*** DATA FOR ANALYSIS ***
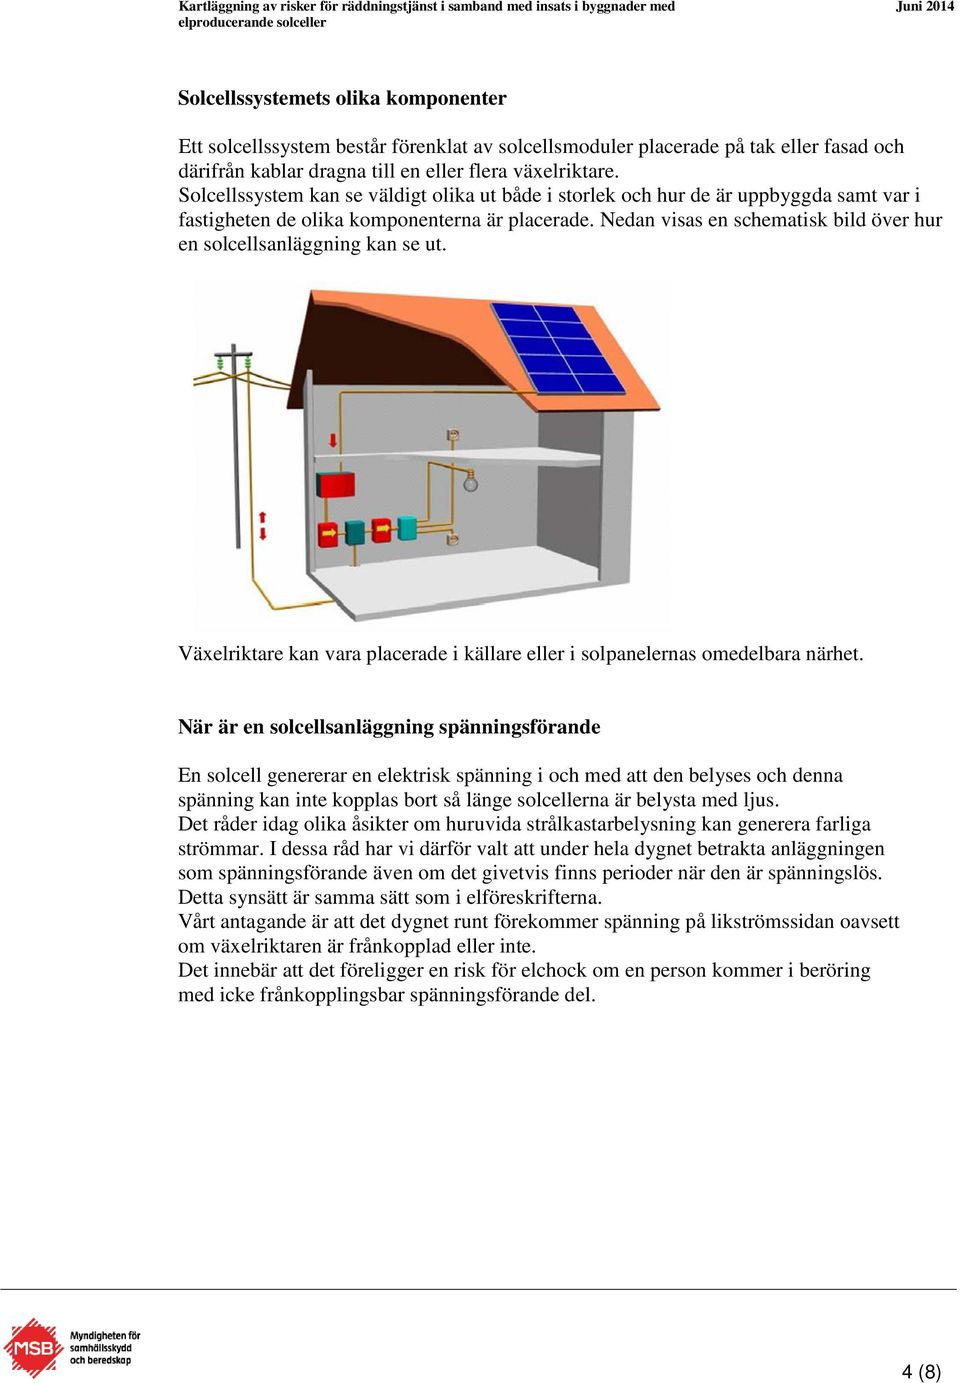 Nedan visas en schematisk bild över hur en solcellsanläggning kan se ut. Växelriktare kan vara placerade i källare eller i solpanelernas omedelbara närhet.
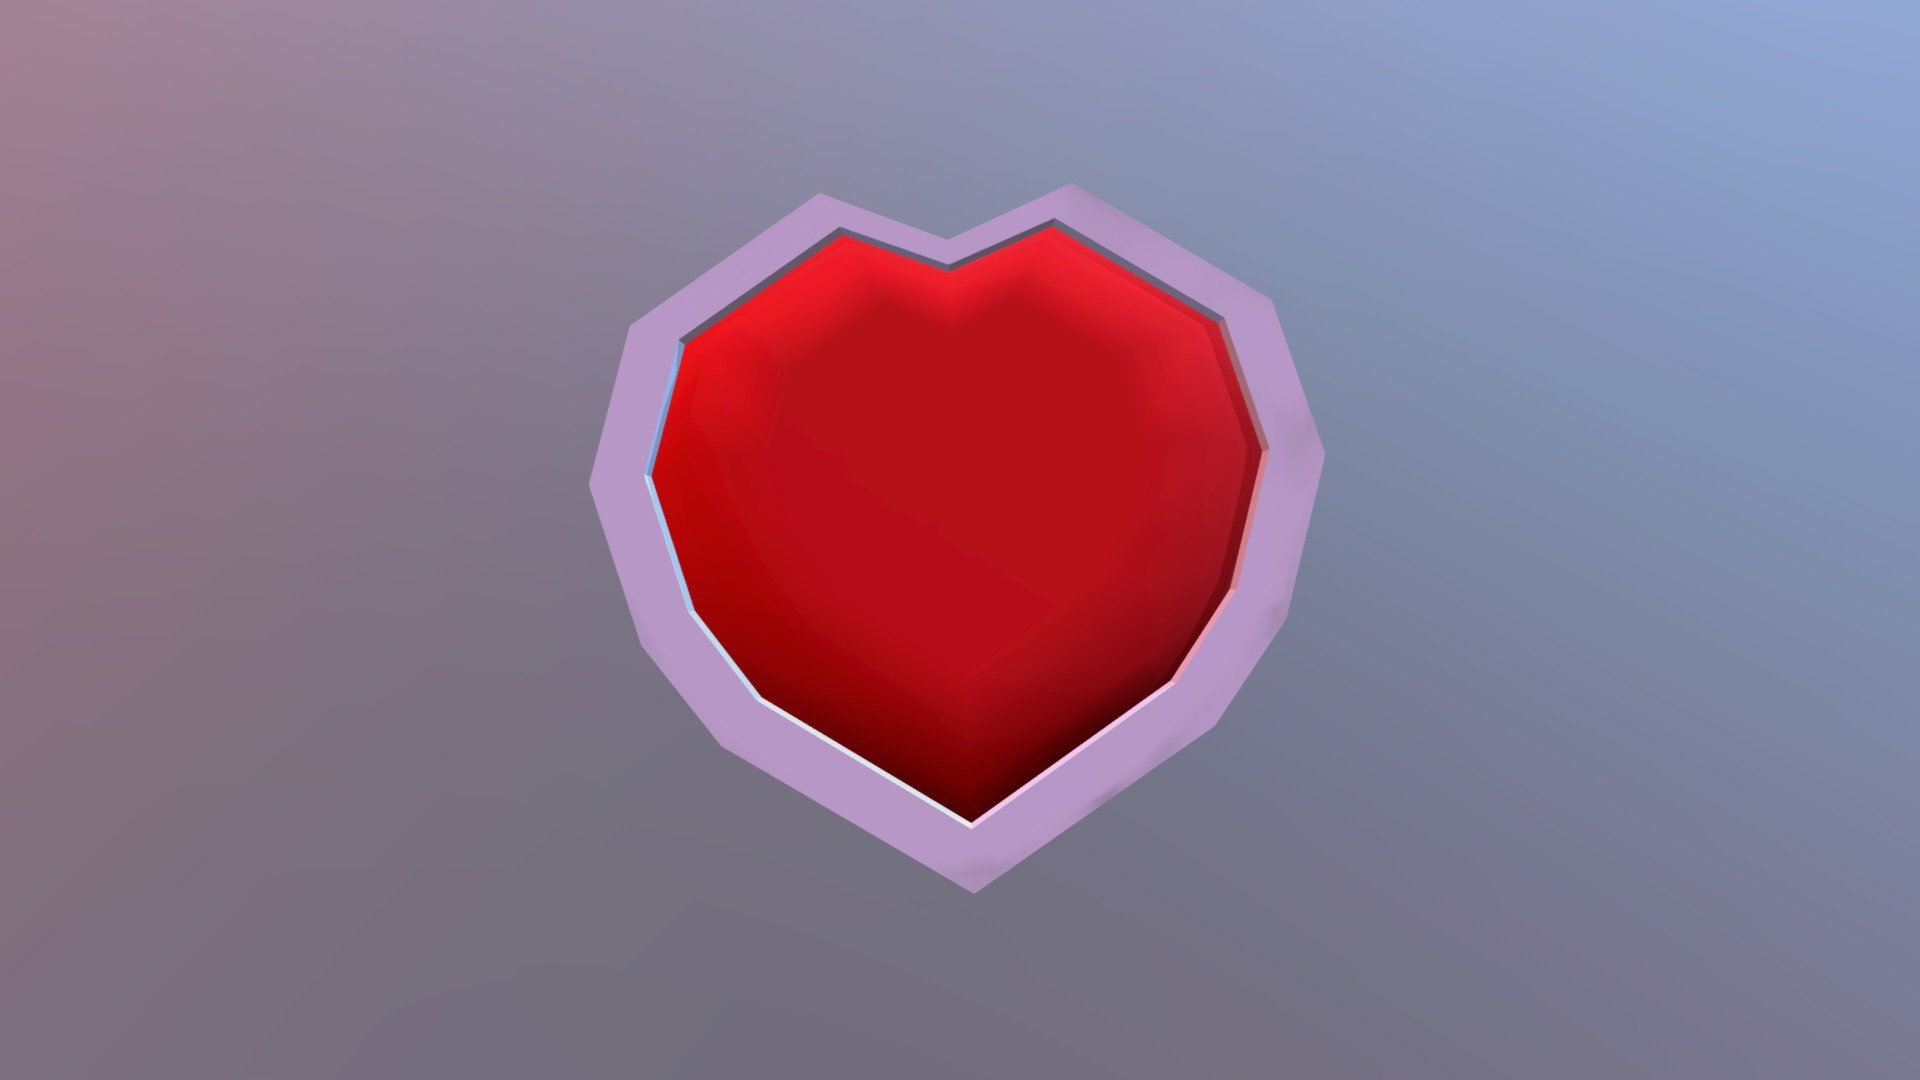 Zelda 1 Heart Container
***
*** DATA FOR ANALYSIS ***
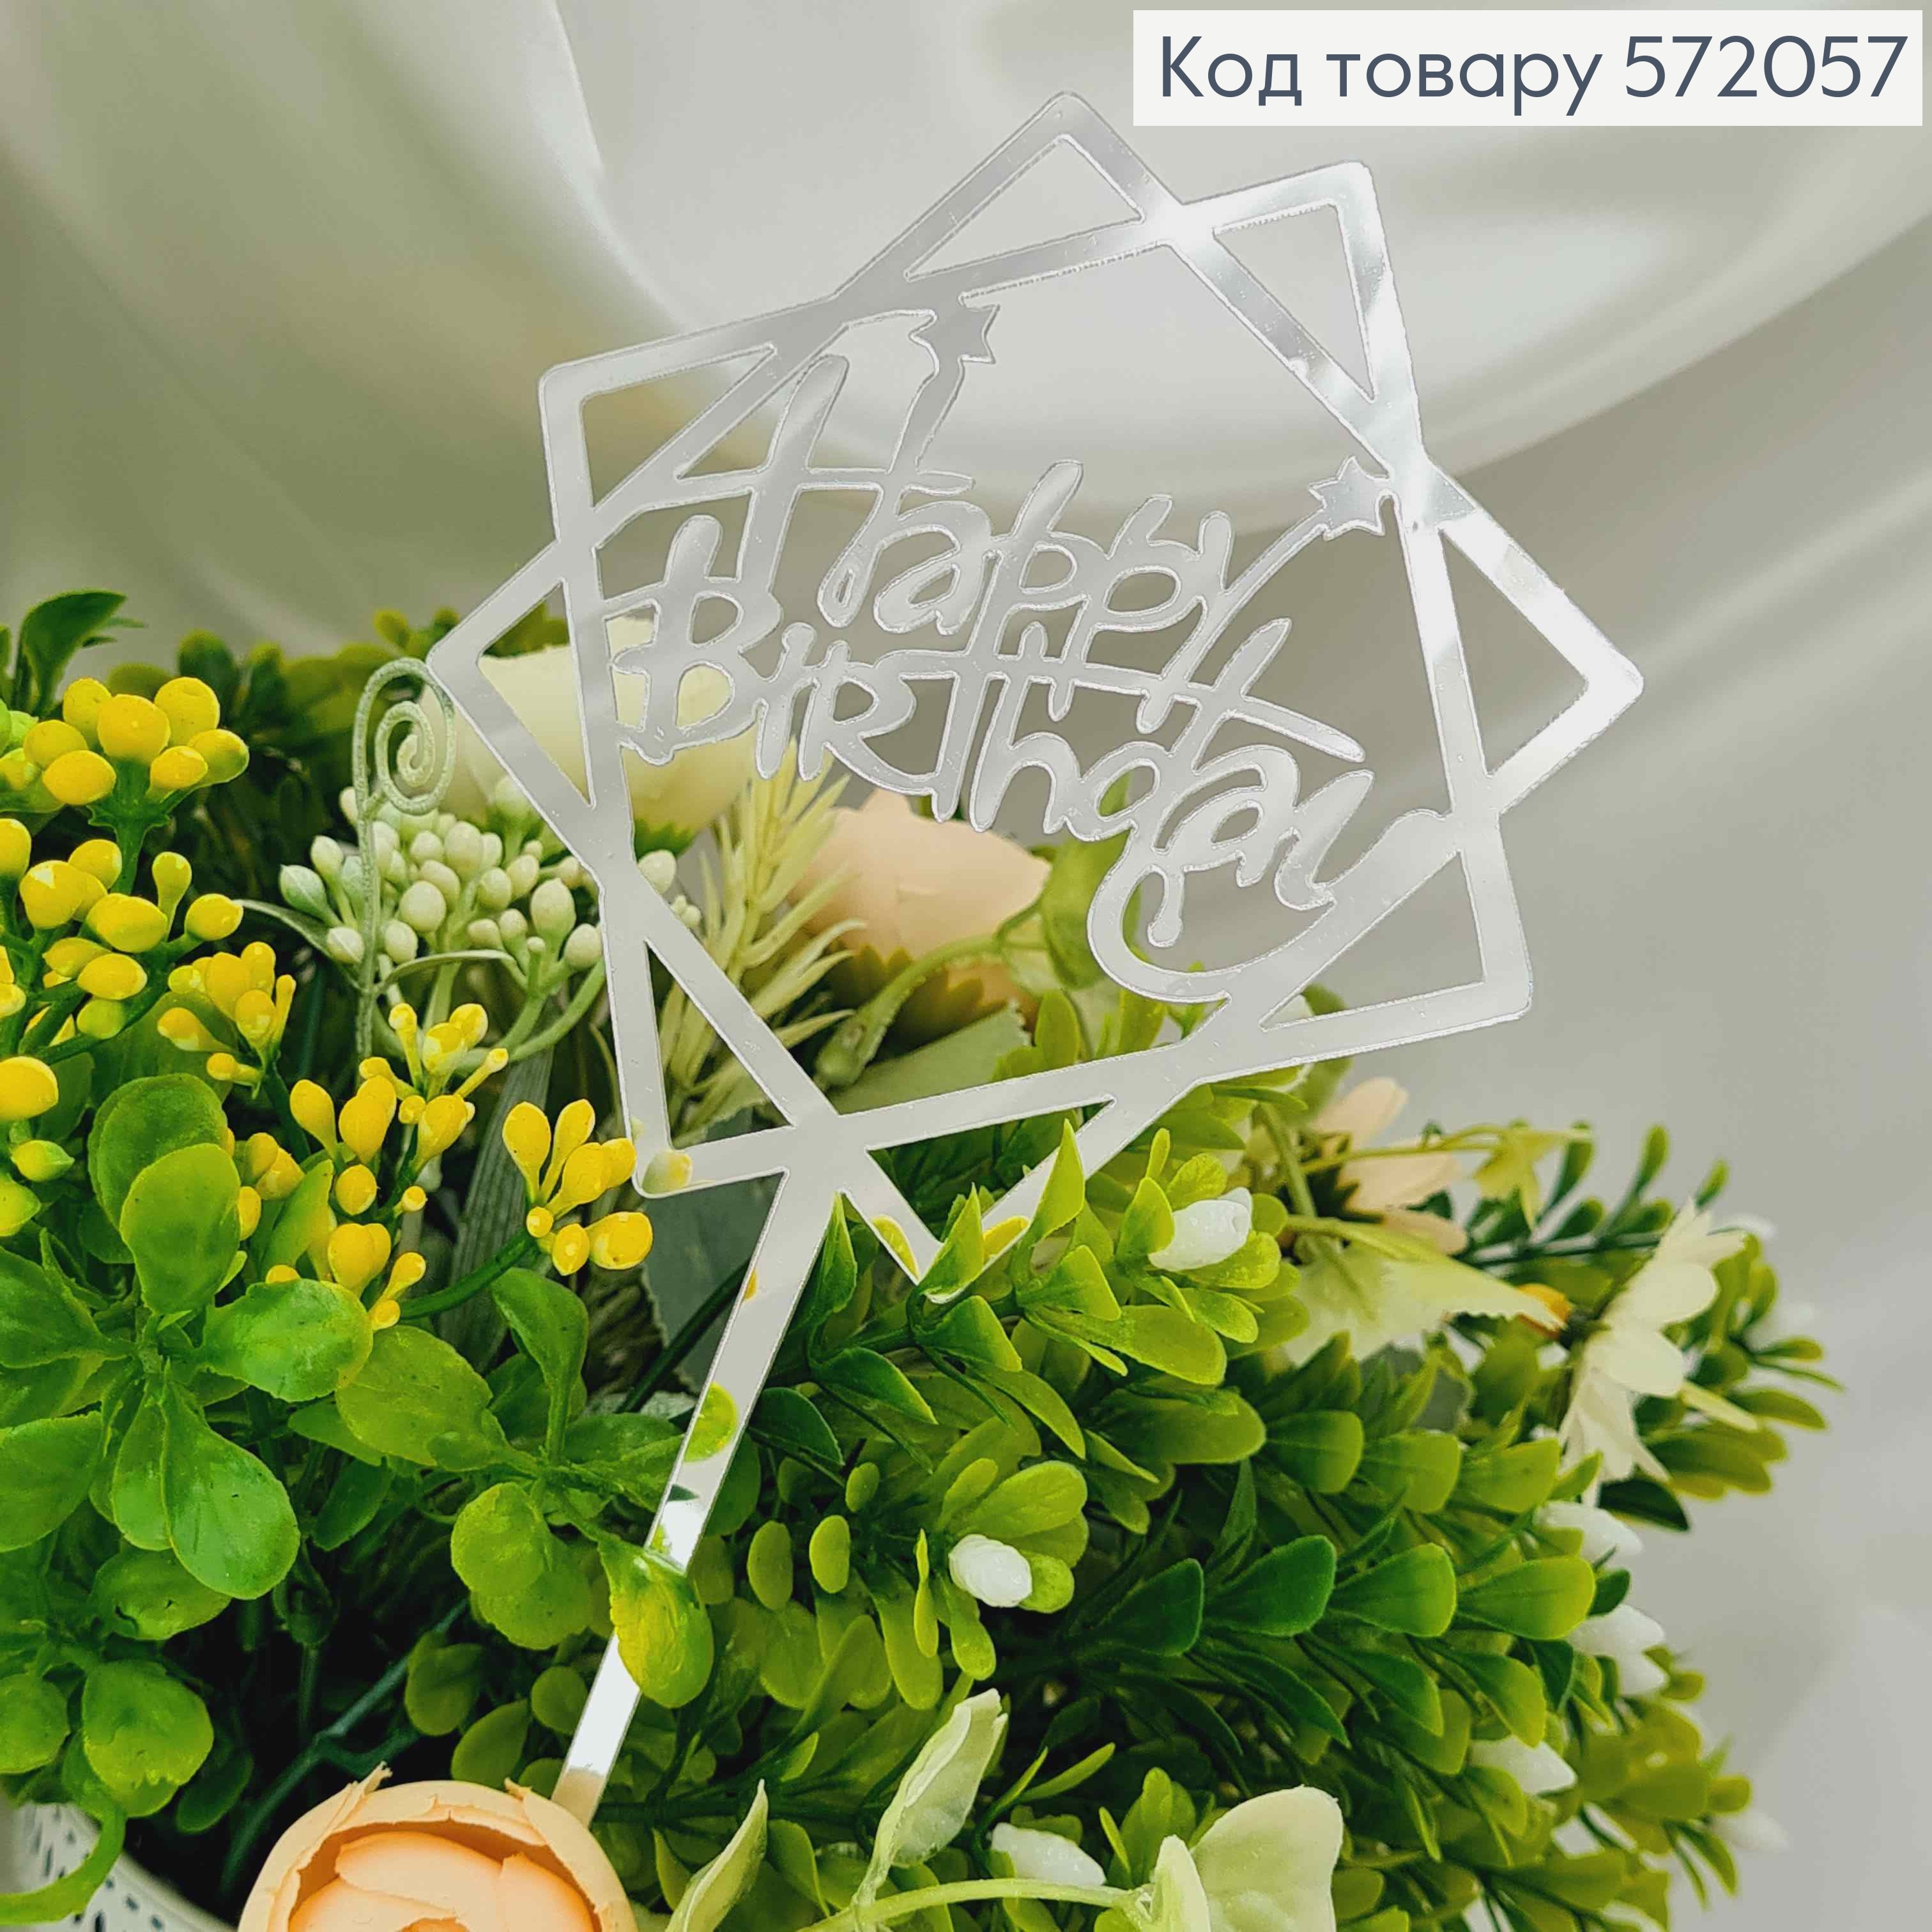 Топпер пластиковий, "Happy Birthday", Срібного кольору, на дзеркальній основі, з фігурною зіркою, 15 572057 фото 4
***
TASK TO COMPLETE:
The output is the stretch above from the line with "Nedan visas en" through the line with "Zelda 1 Heart Container", copied word for word with both ends kept and every picture dropped.

TASK RESPONSE:
 Nedan visas en schematisk bild över hur en solcellsanläggning kan se ut. Växelriktare kan vara placerade i källare eller i solpanelernas omedelbara närhet.
 Zelda 1 Heart Container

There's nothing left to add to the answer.